I want to thank David Carroll; Cheryl Woods; Peter Ryan; Ted Haydon; Jana Taylor and Geoff Porter, both councillors at Hume City Council; Ray Gorman, an old postie and someone who fought very hard for the rights of post office workers; Ramazan Altintas, who is very well known in the community as the founder of the Turkish RSL Club; John Walsh, the founder of the Bridge of Hope Foundation; Kathleen Wallace; and Saqib Awan and Uzma Rubab, who are members of the newly emerging international Pakistani students community and who are teaching me a whole new world about the thinking and psychology of newer migrants to this country, who come here as international students and choose to stay as residents.

My thanks to Peter Massey and Daniel Grayson. Thank you, Daniel, for being so passionate and caring about refugees. Daniel visits some of the people who have been in our local Melbourne immigration transit centre for a long time. I would also like to thank Richard Donaldson and Sarah Angus; Jess Awad; Sam Caruso; Fatima Hoblos; Yousef Alreemawi; Troy Atanasovski; Burhan Eren; Paskal El Ali, Don Townsend; Janet Curtain—my Janet Curtain, who is an advocate for people with disability. I want to thank her for her brightness, positivity and optimism.

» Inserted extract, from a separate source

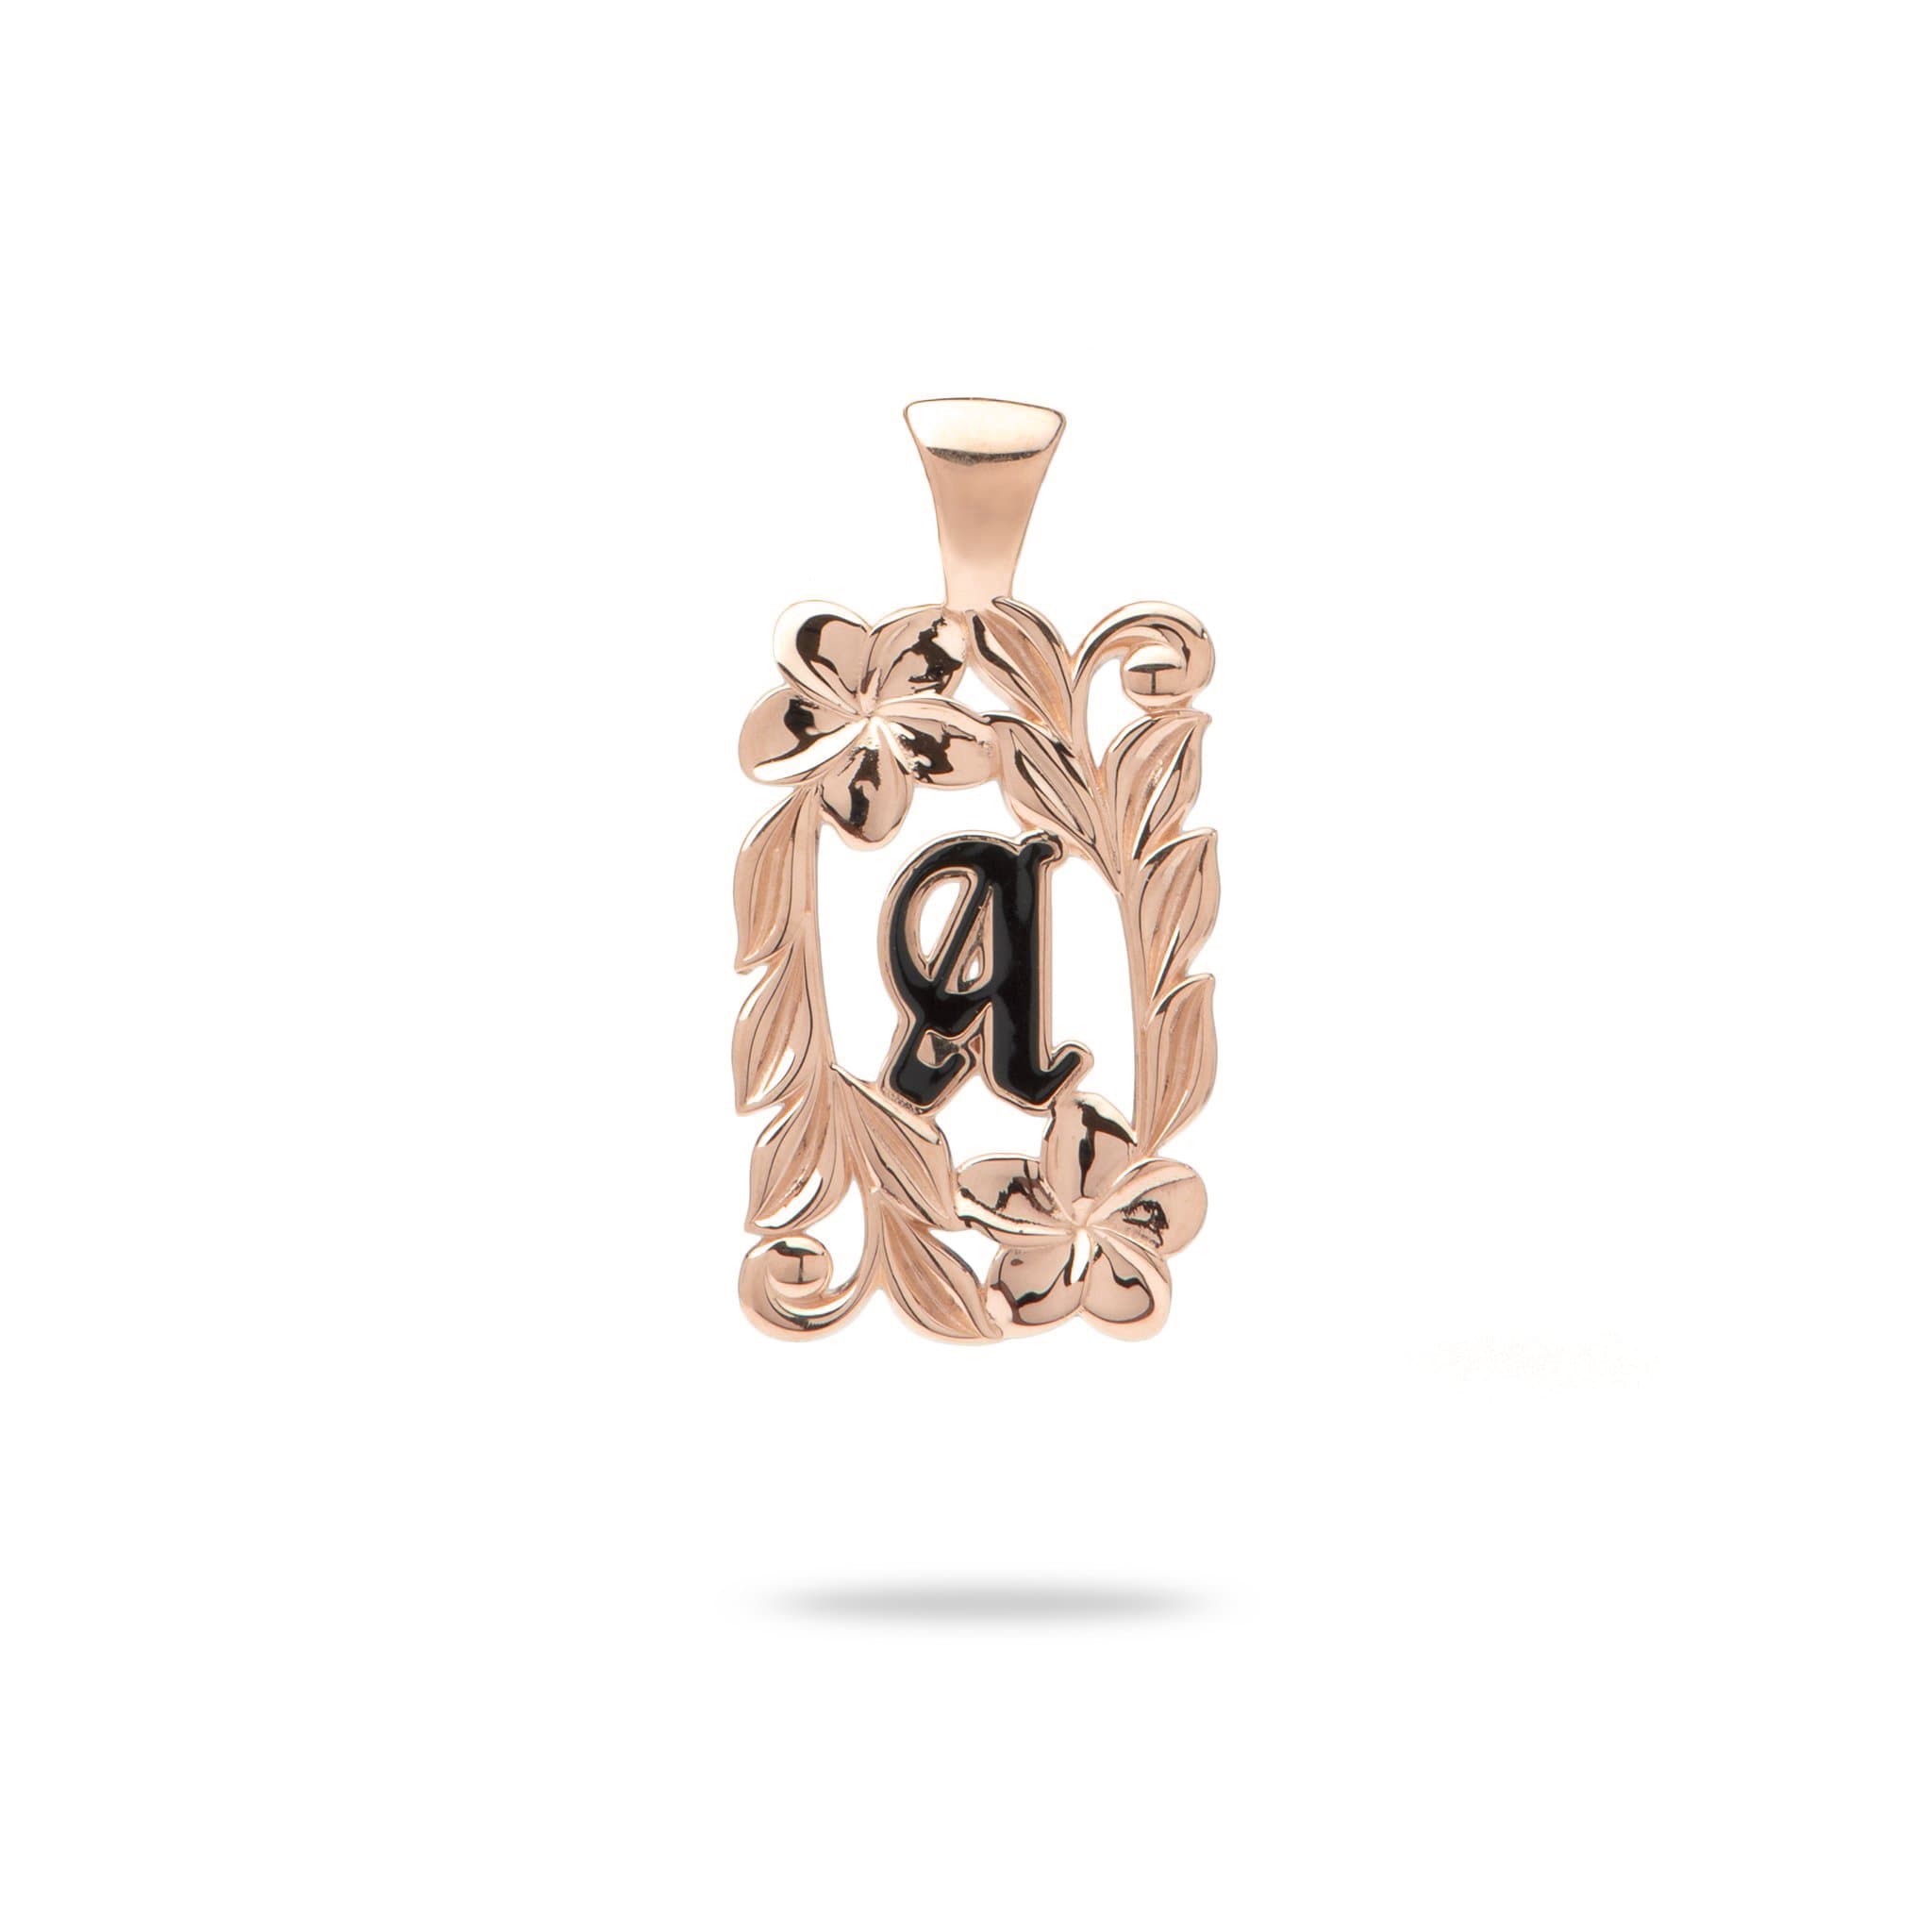 Special Order Hawaiian Heirloom Initial Pendant in Rose Gold - 014-03615-A-14R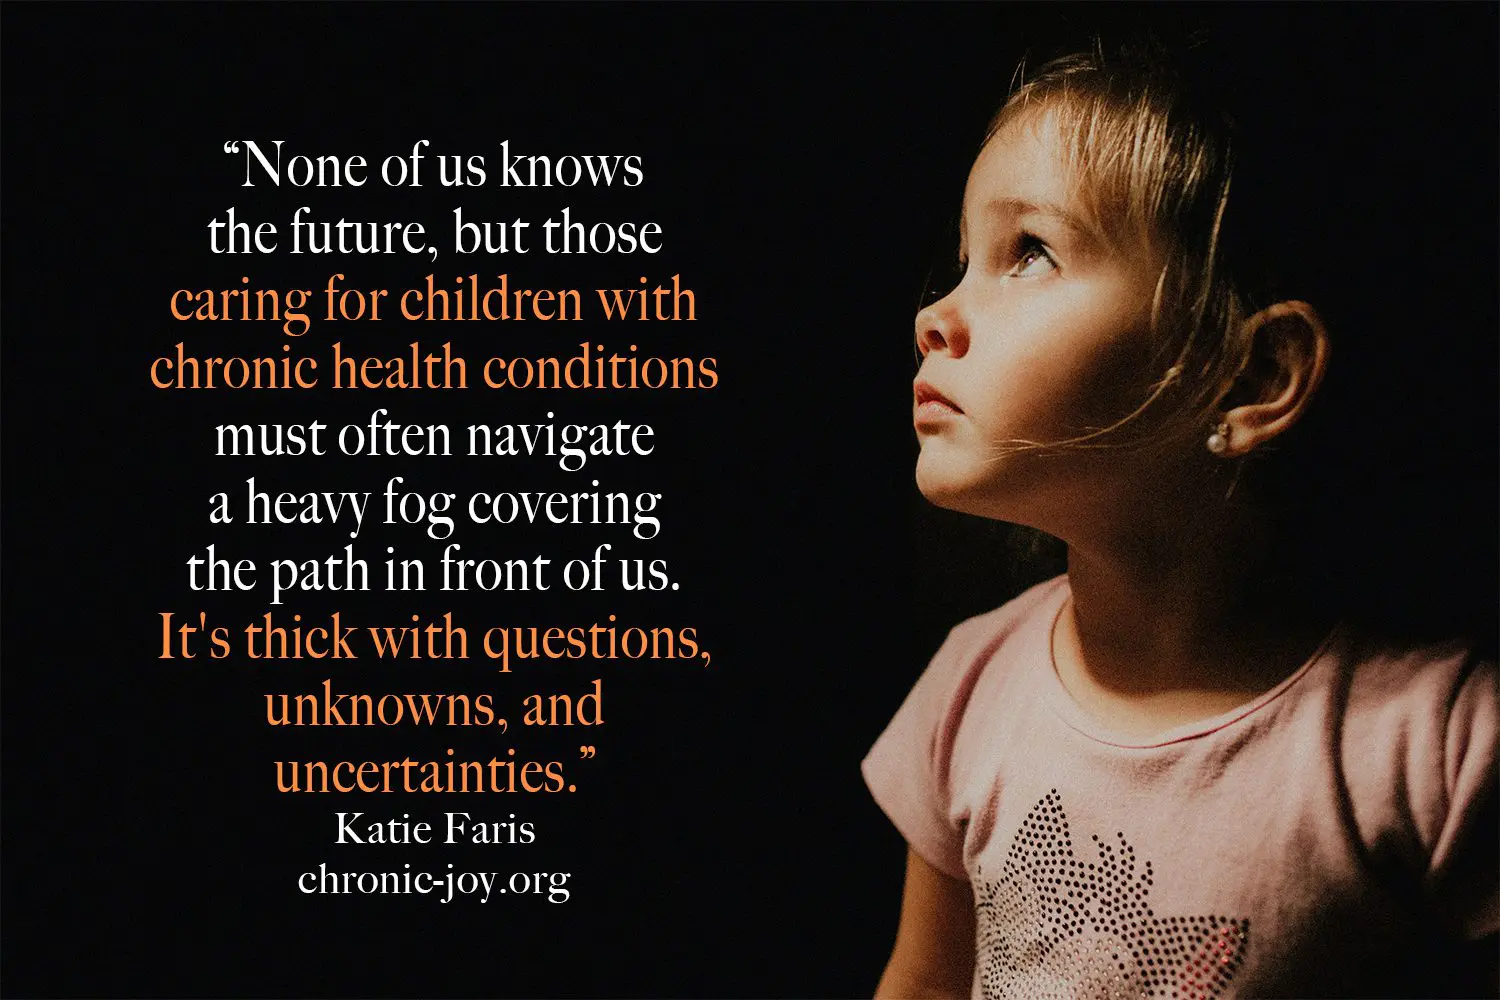 “None of us knows the future, but those caring for children with chronic health conditions must often navigate a heavy fog covering the path in front of us. It's thick with questions, unknowns, and uncertainties.” Katie Faris

I thank Meni Malkos, also a great crusader for animal rights and Amnesty International; George Johnson; and Chris and Despina Havelas, in particular Despina, who established Autism Angels and works hard for children with autism.

I really need to thank my family—my husband, Michalis, and my children, Stavros and Stella—who have been with me on this journey. I know we do not often talk about it, but balancing family life and this job is very, very difficult. My children were six and eight when I came here. They are now adults. I know that we all reflect on how that impacts on our families, but I have a wonderful community that understands that. I can talk to them about it and feel supported, not only by the community but by my family as well. I want to thank them very much.